The vacuum–ultraviolet (UV) and visible spectroscopy of MCl4 (M=C, Si, Ge) using fluorescence excitation and dispersed emission techniques is reported. Fluorescence excitation spectra have been recorded following photoexcitation with monochromatised synchrotron radiation in the vacuum–UV energy range 9–25 eV with an average resolution of ca. 0.06 eV. All the peaks in the Rydberg spectra that photodissociate to a fluorescing state of a fragment have been assigned. The Rydberg states arise predominantly from electron excitation from one of the Cl 3pπ non-bonding molecular orbitals of MCl4, and quantum defects for the Rydberg states characteristic of a chlorine atom are obtained. Dispersed emission spectra in the UV/visible region have been recorded with an optical resolution of ca. 4–8 nm at the energies of the peaks in the excitation spectra. Five different decay channels are observed: (a) CCl2 Ã1B1–X̃1A1 fluorescence at ca. 420–600 nm from CCl4 excited in the range 9–12 eV, (b) SiCl2/GeCl2 ã3B1–X̃1A1 and Ã1B1–X̃1A1 fluorescence from SiCl4/GeCl4 excited in the range 9–14 eV, (c) SiCl+4/GeCl+4C̃2T2–X̃2T1 and C̃2T2–Ã2T2 fluorescence at ca. 350–700 nm from SiCl4/GeCl4 for photon energies above the adiabatic ionisation energy of the C̃2T2 state of SiCl+4/GeCl+4 (15.0 and 14.6 eV, respectively), (d) CCl A2Δ–X2Π fluorescence at ca. 276–280 nm from CCl4 excited in the range 14–18eV, and (e) Si* and Ge* atomic emission lines at wavelengths below 310 nm from SiCl4/GeCl4 excited in the range 19–25 eV. These assignments are confirmed by action spectra in which the energy of the vacuum–UV radiation is scanned with detection of the fluorescence at a fixed, dispersive wavelength.
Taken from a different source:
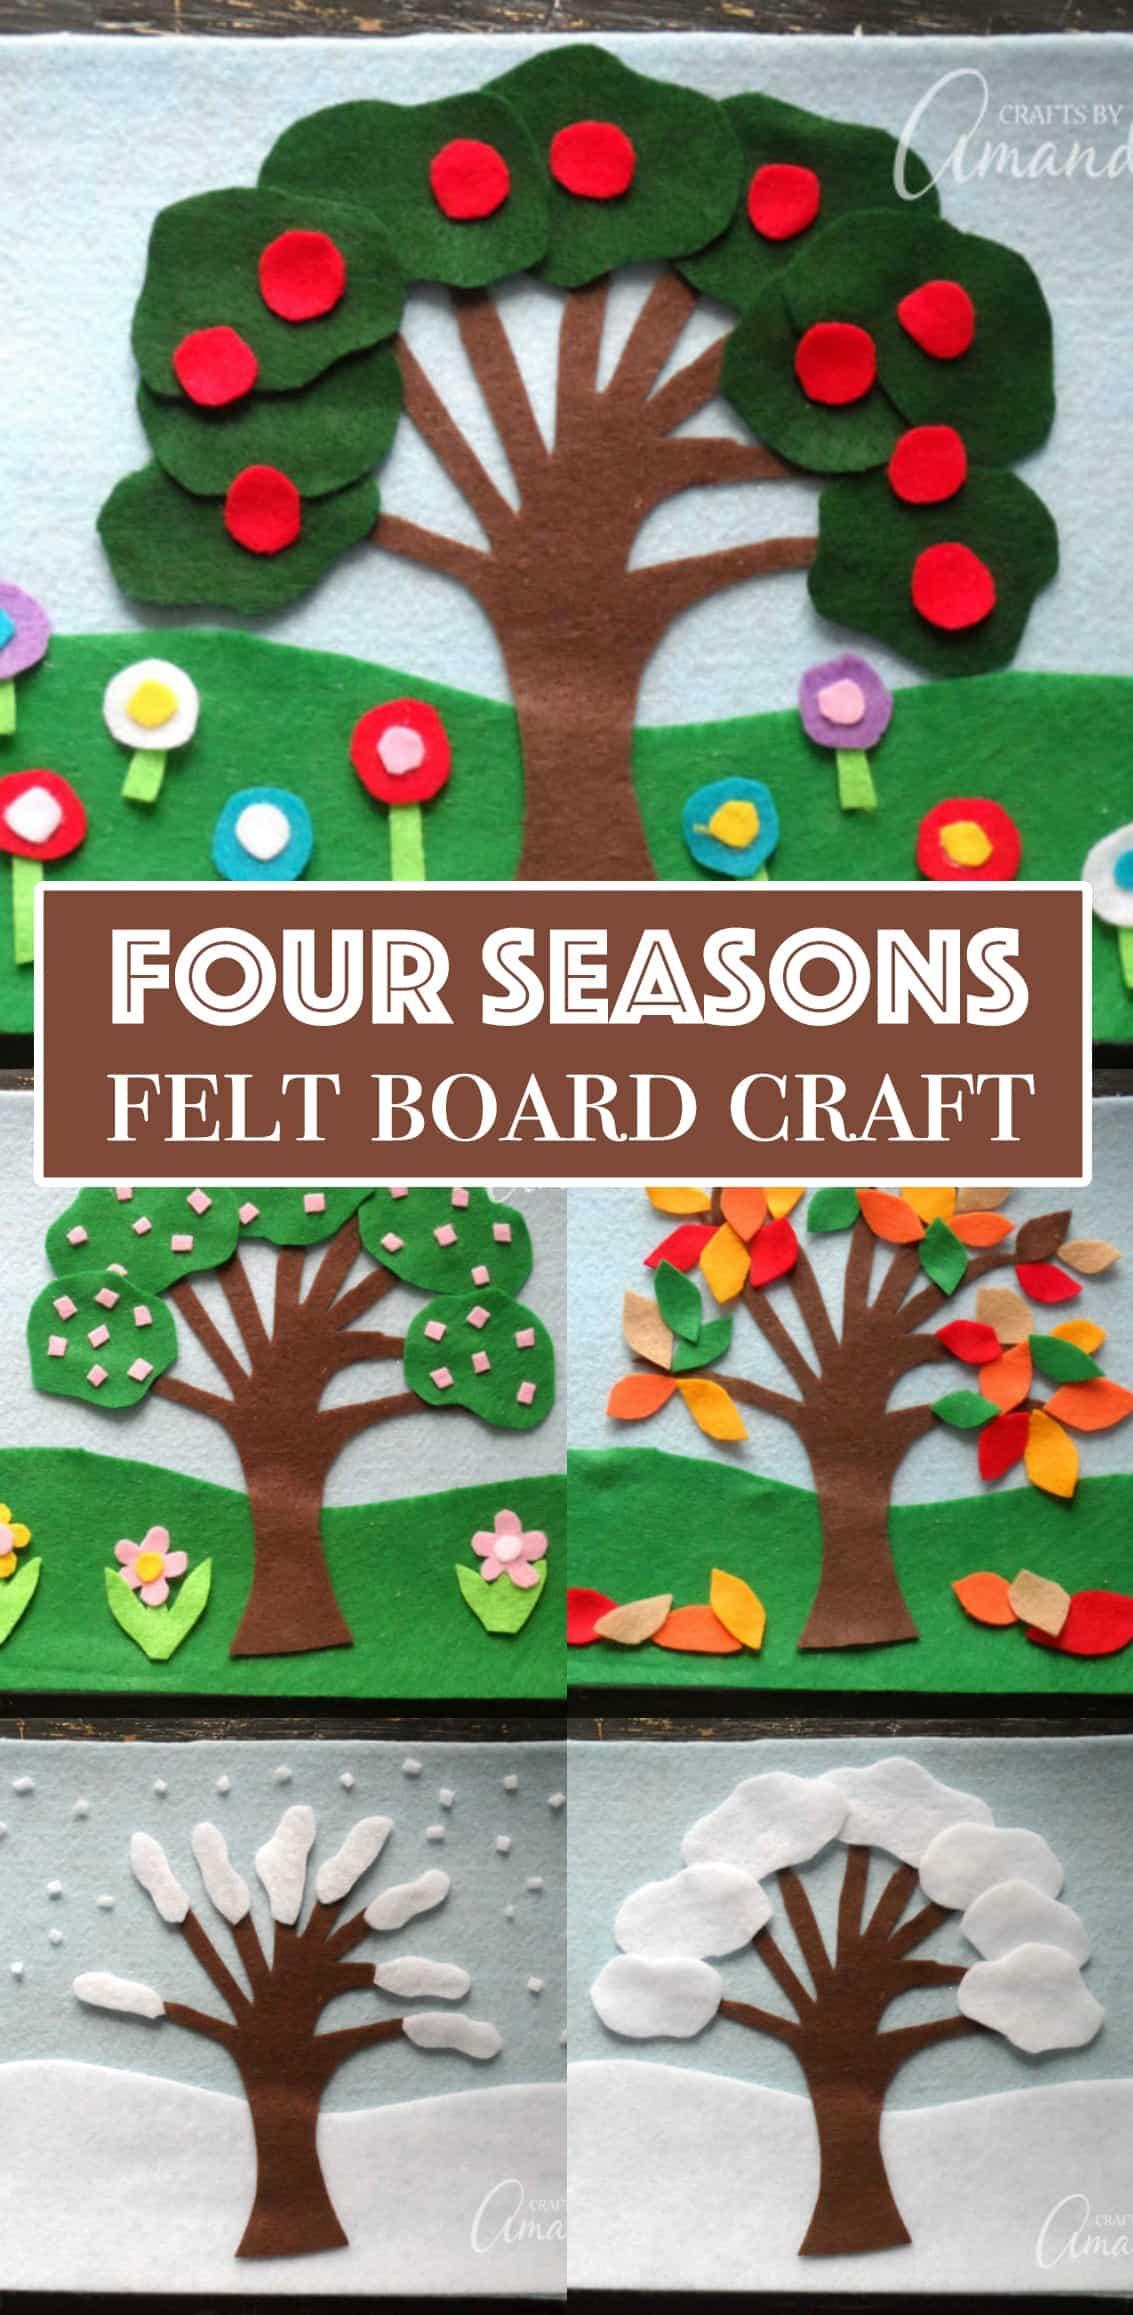 Felt Board Craft 4 Seasons Felt Board Craft Great For Kids

By using the single-bunch mode of synchrotron radiation, lifetimes of all the emitting states that fall in the range ca. 4–100 ns have been measured. The MCl∗2 products are formed by photodissociation of low-lying Rydberg states of MCl4; the thresholds for their production therefore relate to energies of Rydberg states of the parent molecule. The CCl*, Si* and Ge* products are formed by sequential, multi-step photodissociation of MCl∗2; the thresholds for these emissions correspond to the thermodynamic thresholds to form the emitting product with either three (in the case of CCl*) or four (in the case of Si*/Ge*) chlorine atoms.